11.03.2003

trust

very recently i had a so-called friend admit to me that our relationship does not hold the level of trust it should.

admittedly my feelings are hurt, and i am extremely angry. this is difficult to talk about because i don't really want to go into the specifics of everything - the backstory alone would take too much space. the people involved are aware - i think - and if they're not, well, i don't really care right at the moment. i'm not looking to confront people here, but this is something i have been thinking about non-stop since it happened. it kept me awake most of last night and i'm tired of being haunted by someone else's insecurities or misperceptions of me.

and here's the thing: i will deal with a lot of bullshit from people i love. several of you can attest to this; but TRUST is something i won't go without because no real relationship can exist without it. and because trust is so tenous and fragile, i can't trust someone knowing they don't/won't trust me.

this situation exists because someone chooses not to trust me, not because they can't. they simply don't want to. maybe it's fear, maybe they are not trustworthy themselves. i don't really know and i'm not really sure i care. i'm not willing to invest in someone who can't do the same for me.

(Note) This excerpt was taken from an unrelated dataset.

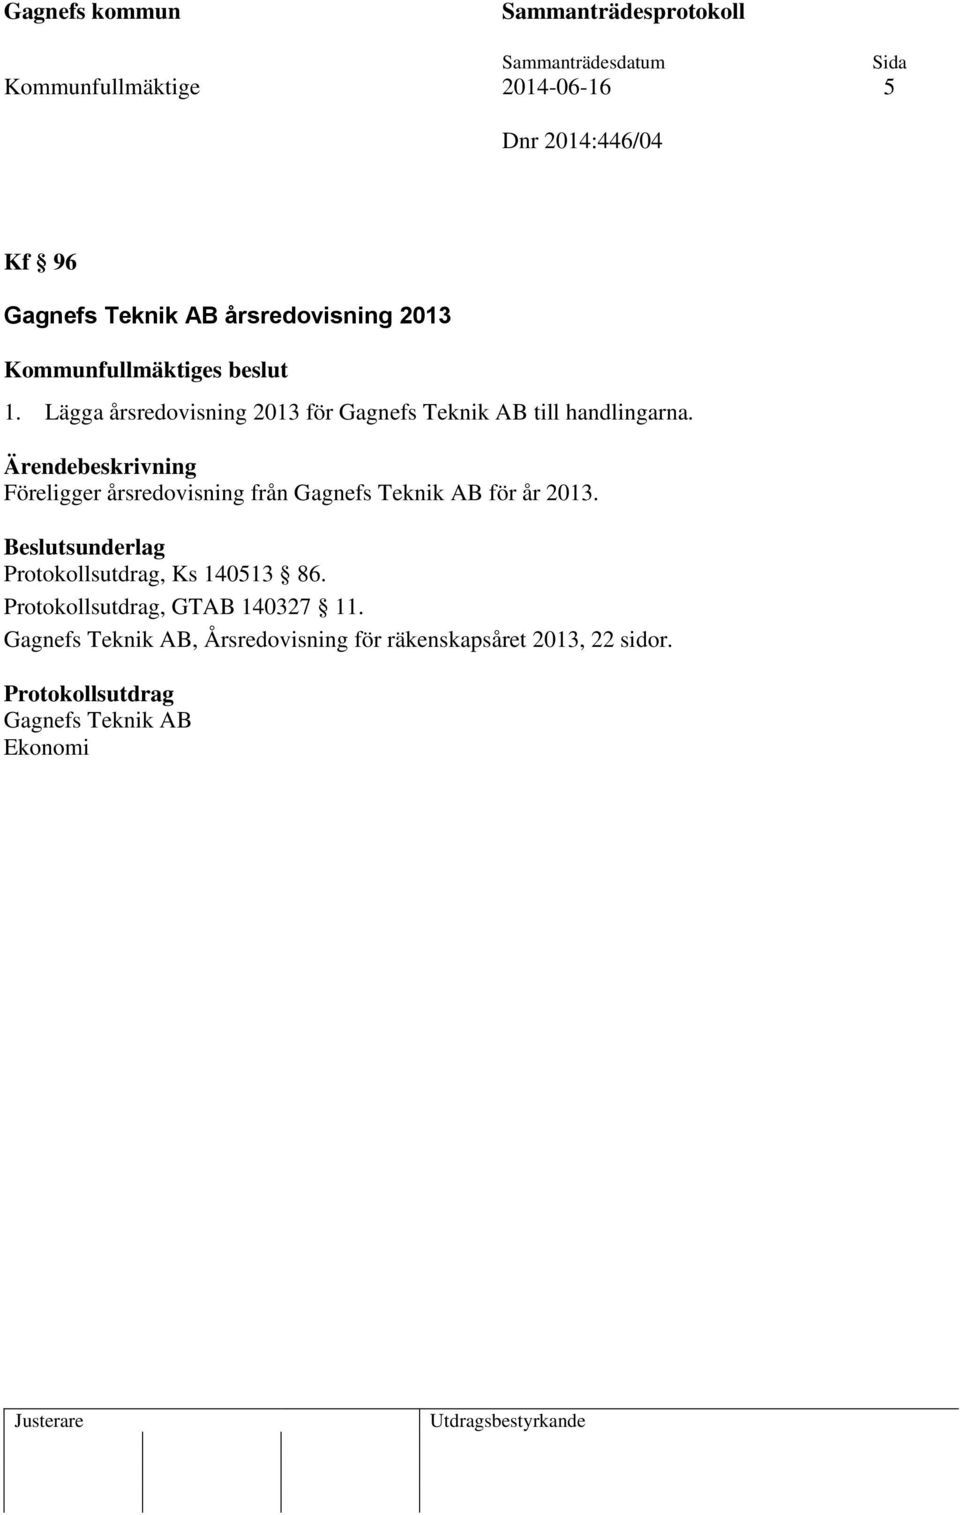 Föreligger årsredovisning från Gagnefs Teknik AB för år 2013., Ks 140513 86.

i'd rather divorce them and throw around polite banter than get involved on a deeper emotional level. no relationship is worth continuing when one party stops trusting the other. i don't need some superficial aquaintance in my life when i have so many other *real* people who will invest in me, support me, and trust me.

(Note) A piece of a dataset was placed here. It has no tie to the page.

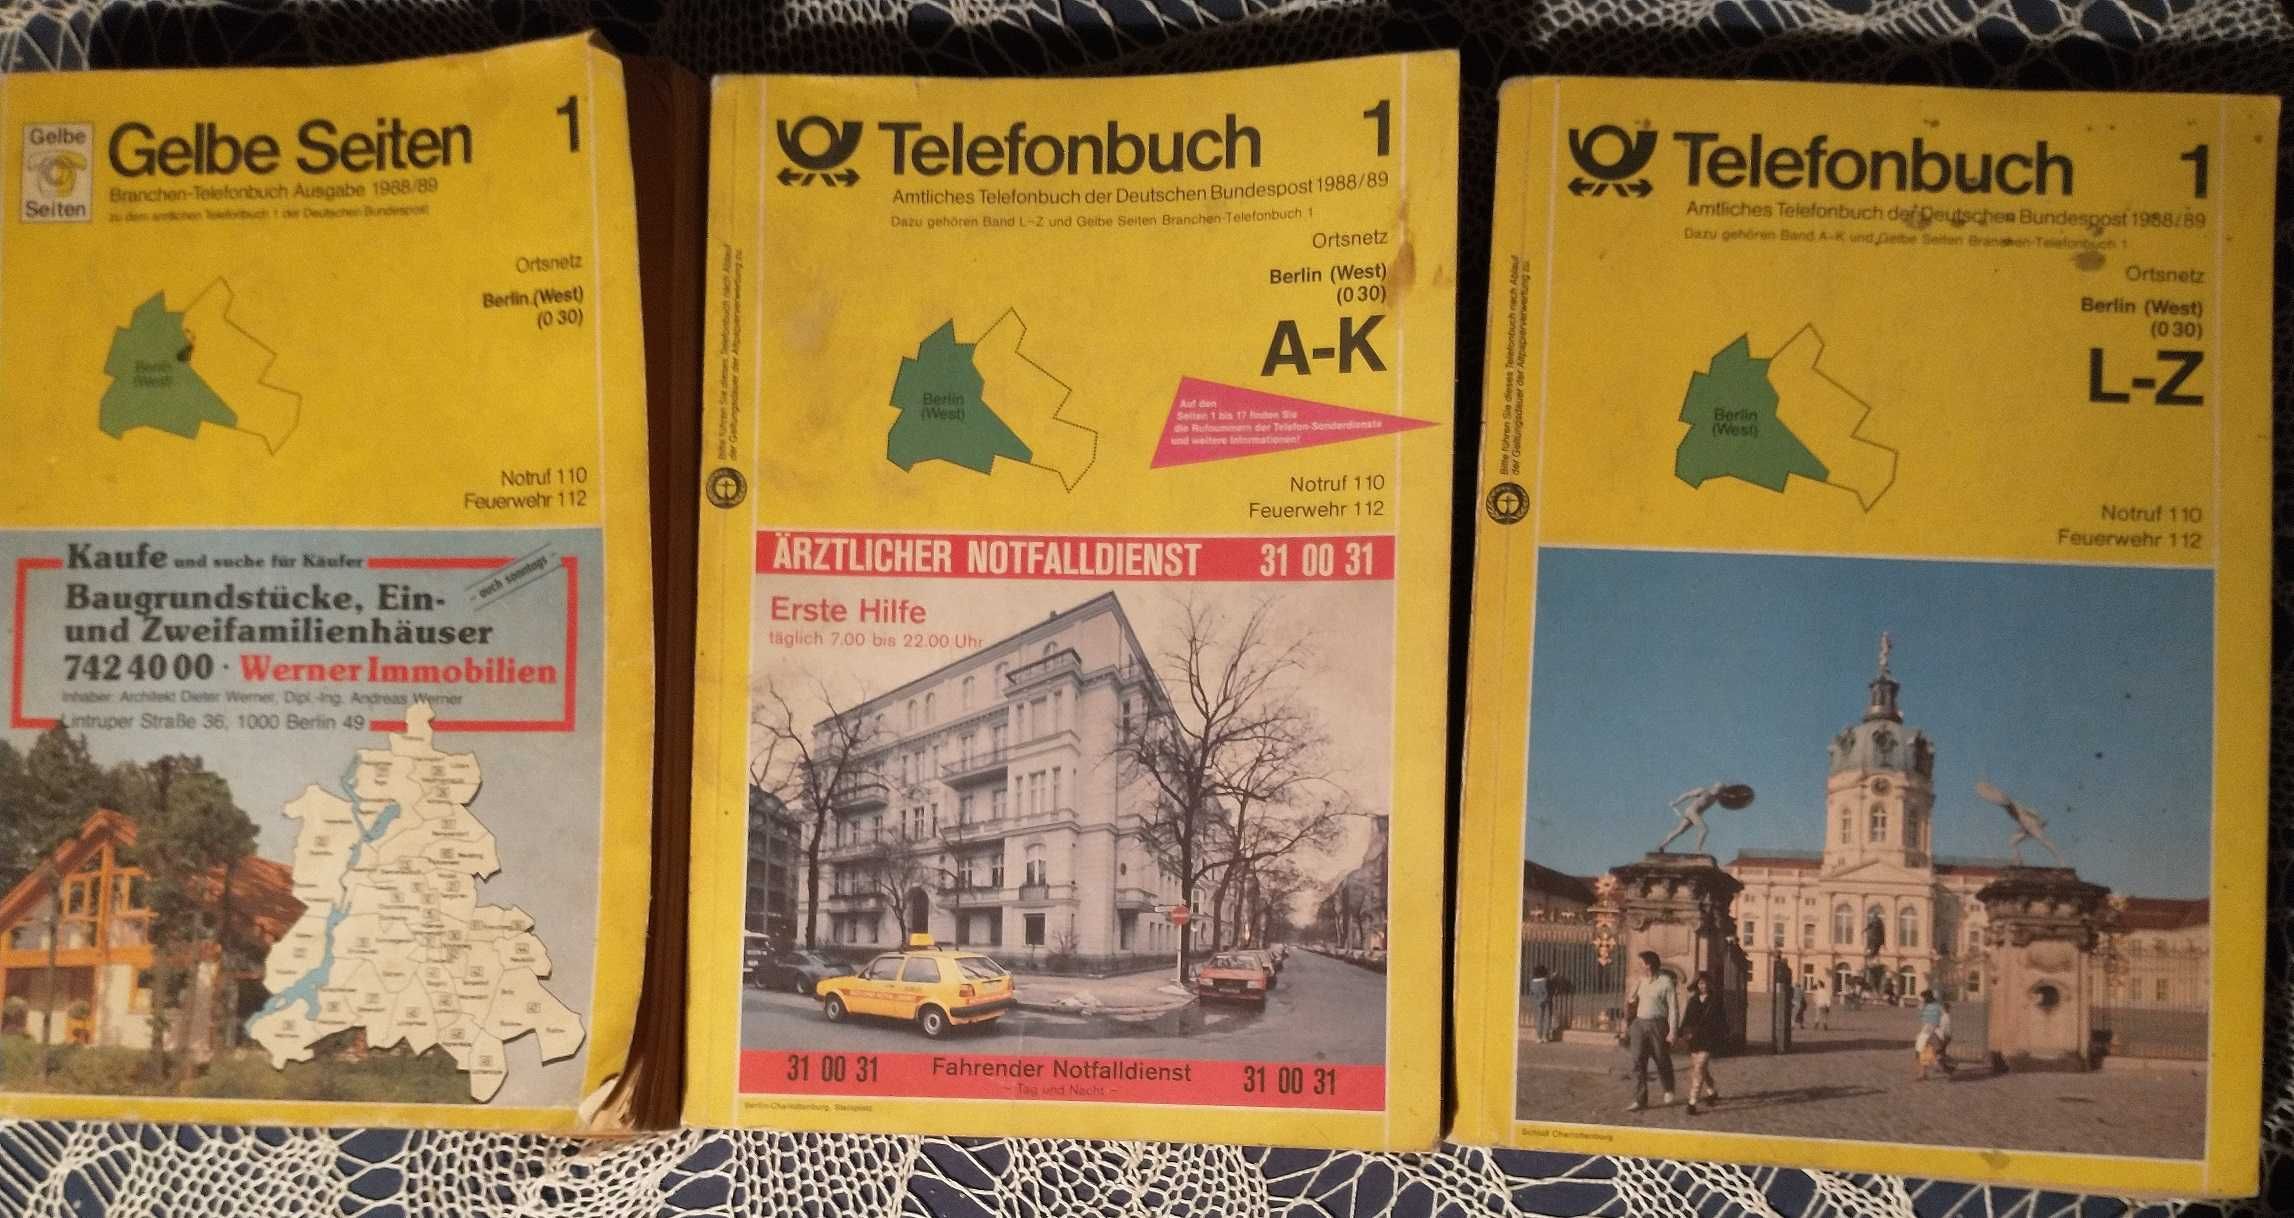 Książka telefoniczna Berlin 1988 - 89 3 tomy

the sad part for me is that i really like this person, even though we are very different, even though they are filled with flaws, even though we don't agree on many, many things. i've enjoyed pursuing this relationship and the challenges presented by this person. i've had to modify the way i normally interact with people attempting to cultivate some hollow relationship that never really mattered in the first place.

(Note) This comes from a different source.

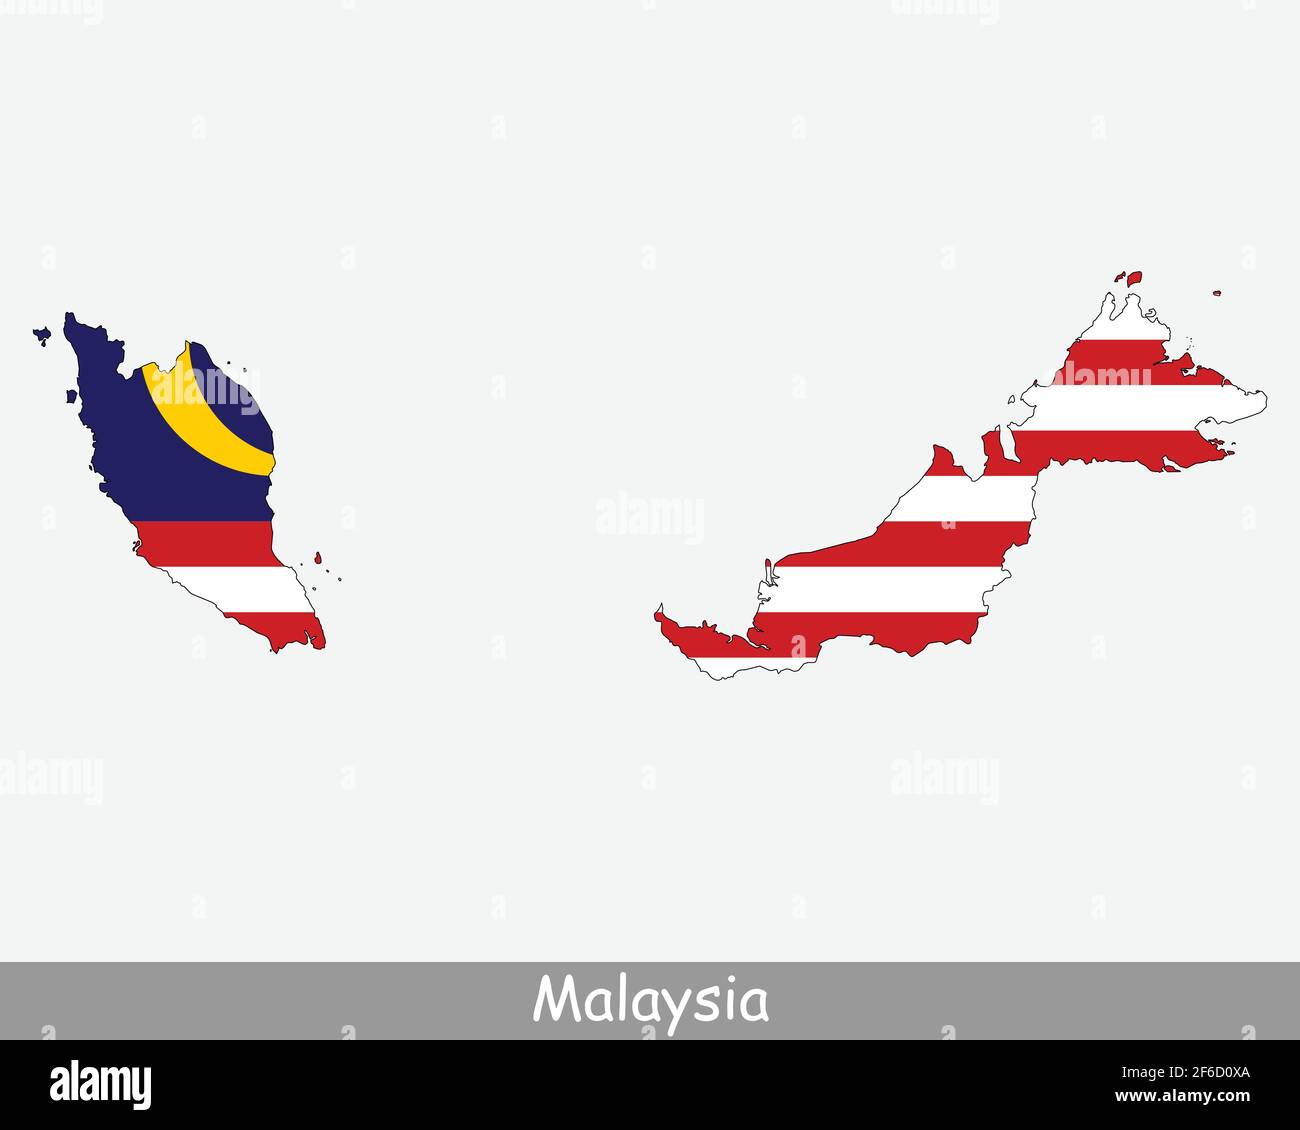 Bandiera della Malesia. Mappa della Malesia con la bandiera nazionale malese isolata su sfondo bianco. Illustrazione vettoriale. Illustrazione Vettoriale

i'm just a little slow on the uptake.

so yes, for those of you who have no idea what i am talking about, just know that trust is essential for a relationship with me. i'm many, many things, and not all of them good, but i don't lie and i put myself out there in a very real and unprotected way. i present honest information about myself that doesn't always put me in the best light, because i would rather be unloved for who i really am than loved for something i'm not.